Abdullah Ali Halage, a researcher based at the Department of Disease Control and Environmental Health says the highest concentration of the metal that exceeded acceptable limits were found in milk with zinc, nickel and iron being the commonest. When it comes to leachate, food crops and vegetables, they found iron to be the highest followed by manganese.

 

While these chemicals may be needed by the body, experts say that the levels found in the items were way higher than the World Health Organisation recommends. Halage, who was also the Principal Investigator on the study says that some metals like lead and cadmium are toxic and could cause dangerous effects to the consumer including the risk of cancer.

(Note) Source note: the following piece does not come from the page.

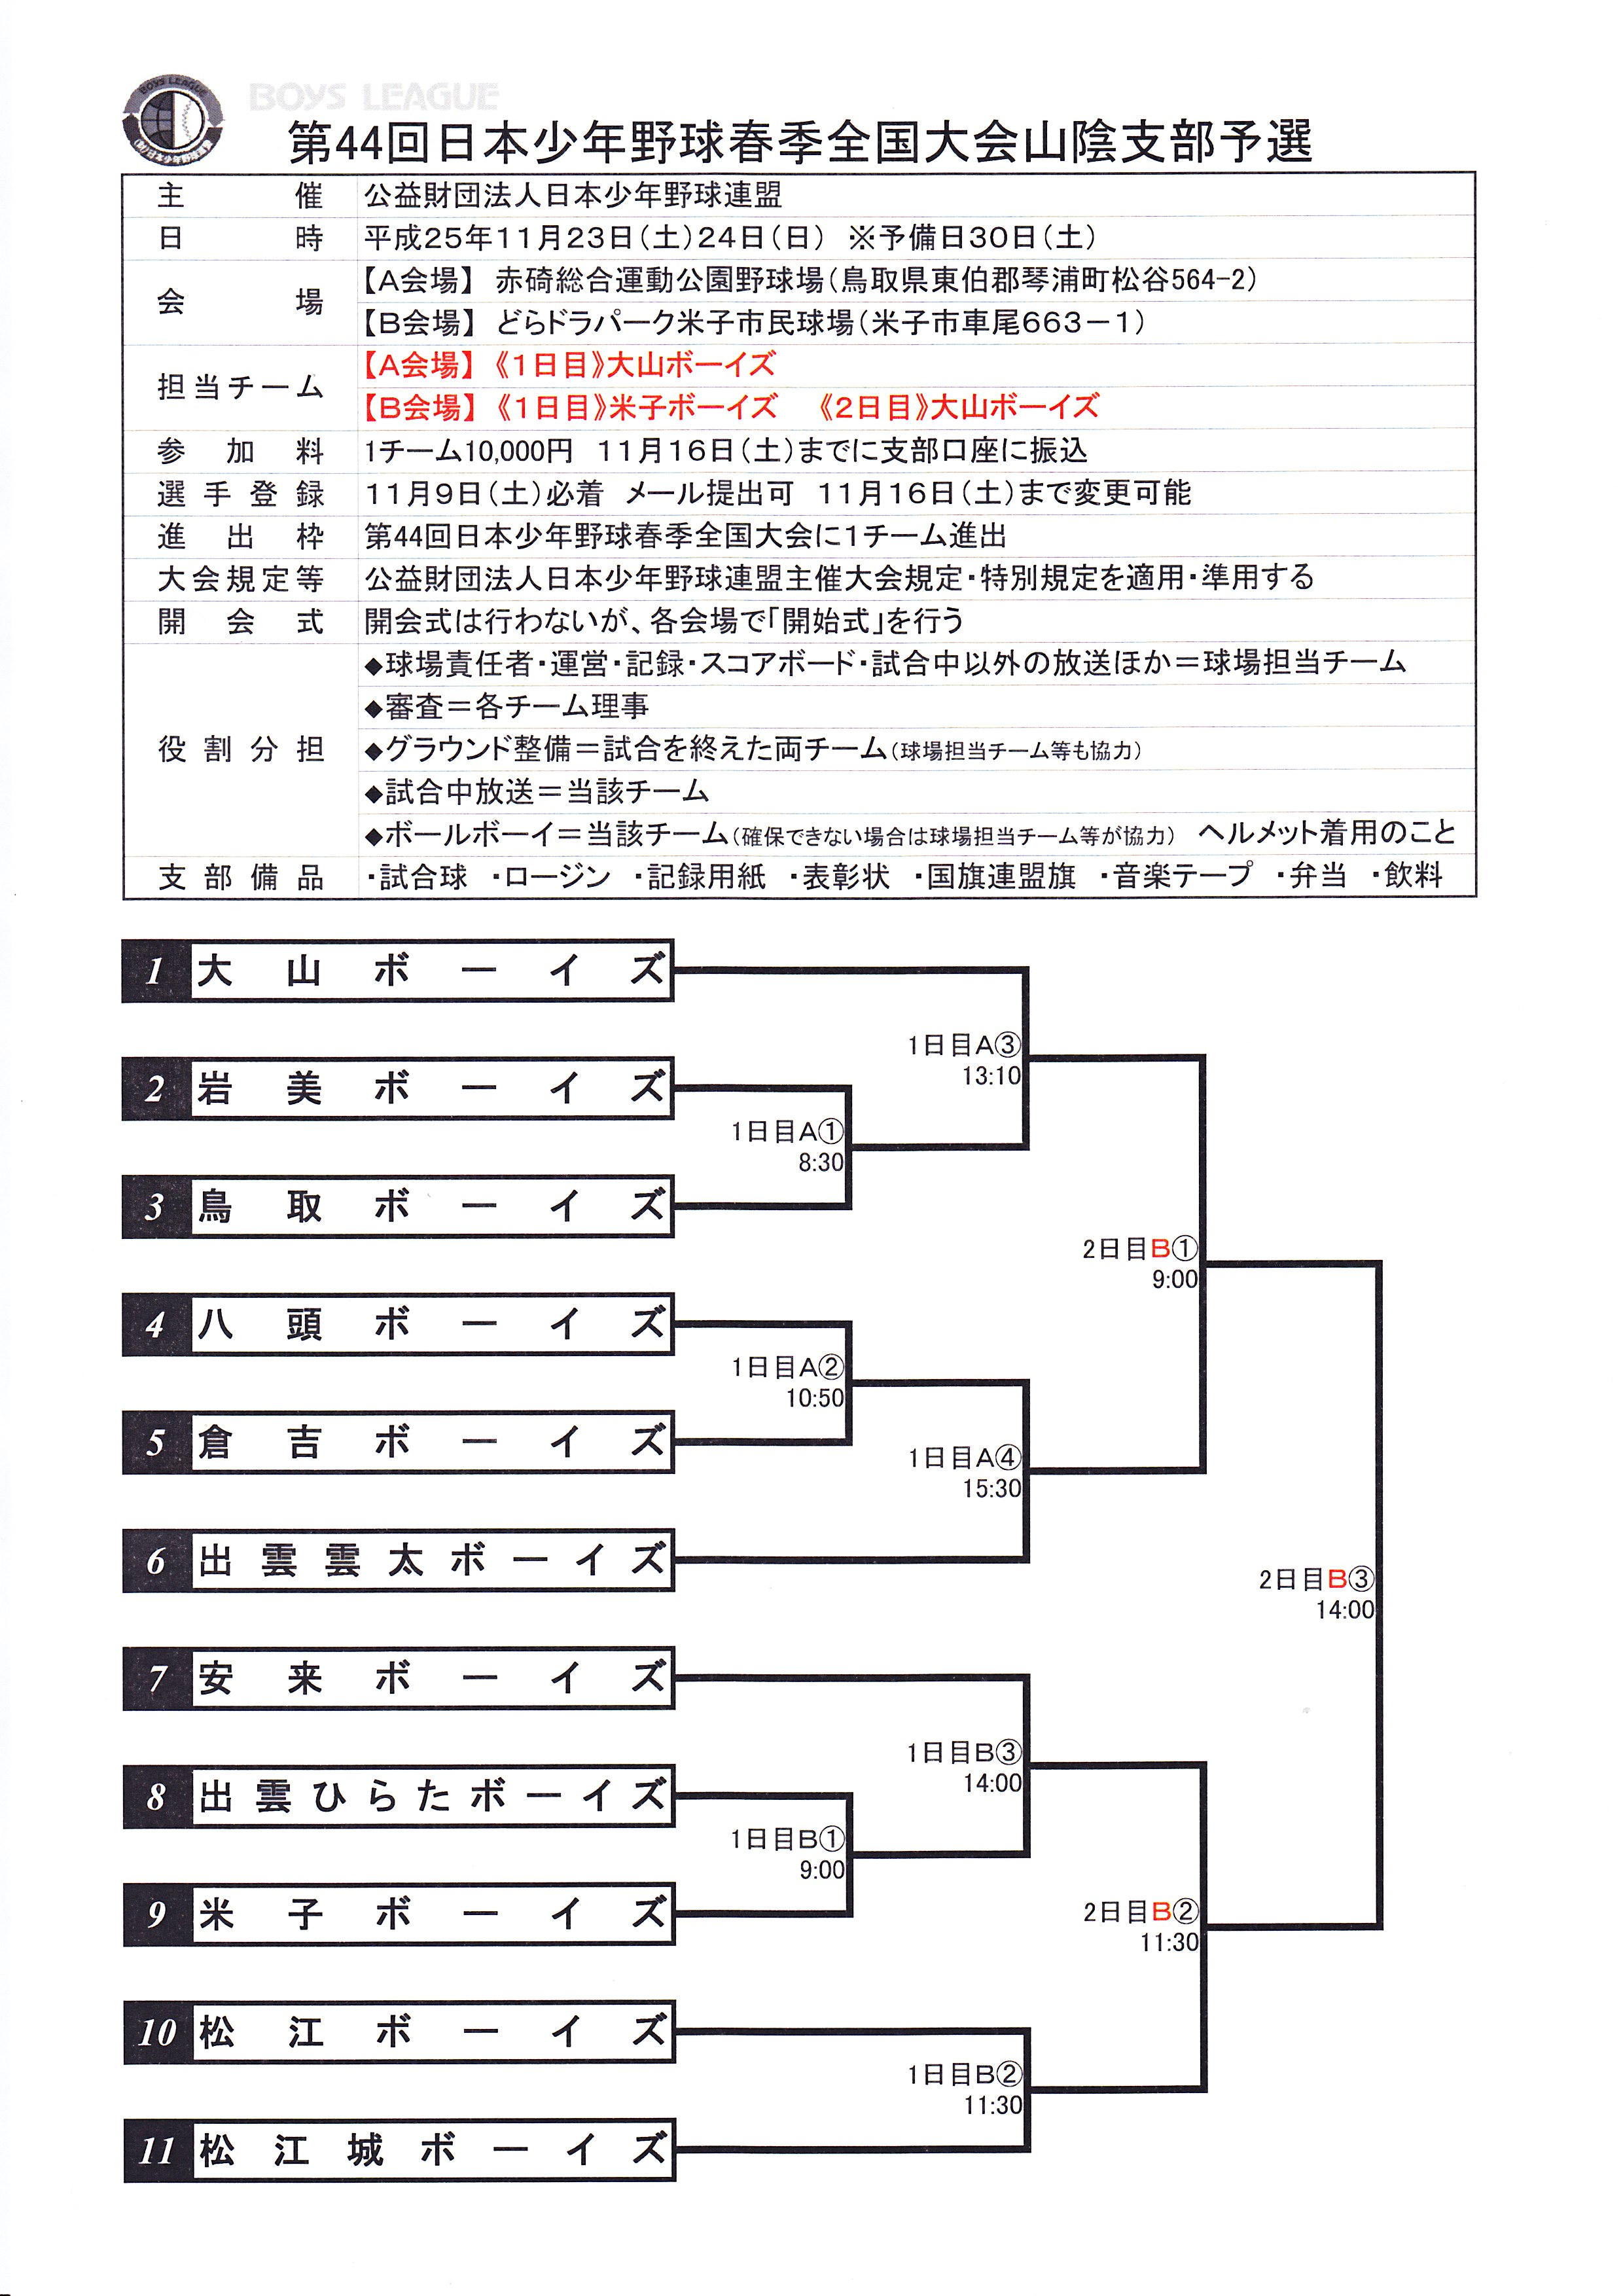 tournament_syunkiyosen1.jpg

Commenting on the findings of the study, Dr John Ssempebwa another expert based at the Department of Environmental Health said this evidence shows authorities why activities in the buffer zones within dumpsites have to be restricted to only those that don’t put people at risk.

 

Unfortunately, he says because it’s generally believed that municipal garbage can be a good source of manure,m communities tend to plant food crops around them, some of which end in the markets endangering a lot of people.

However, when these findings were put to Samuel Joga, the Officer in charge of Health Inspection and Education at Kampala City Council Authority (KCCA) that is also in charge of the country’s biggest dumpsite at Kiteezi, he acknowledged that they never pay attention to heavy metal when treating their leachate which often overflows to the neighbouring households.

 

Meanwhile, there are plans to shift the landfill from Kiteezi to Mukono but still, experts say it will take longer for the area to be safe as some of the hazardous materials take time to be completely gotten rid of. Joga says KCCA has a plan for this post-relocation which involves protective measures that include restricting access to the site for some time after covering the garbage.

 

Generally apart from constant monitoring and treating garbage, as a short term measure, researchers say the Ministry of Health and the District Health teams should sensitize the public about the possible dangers of consuming milk and crops grown around the dumpsites.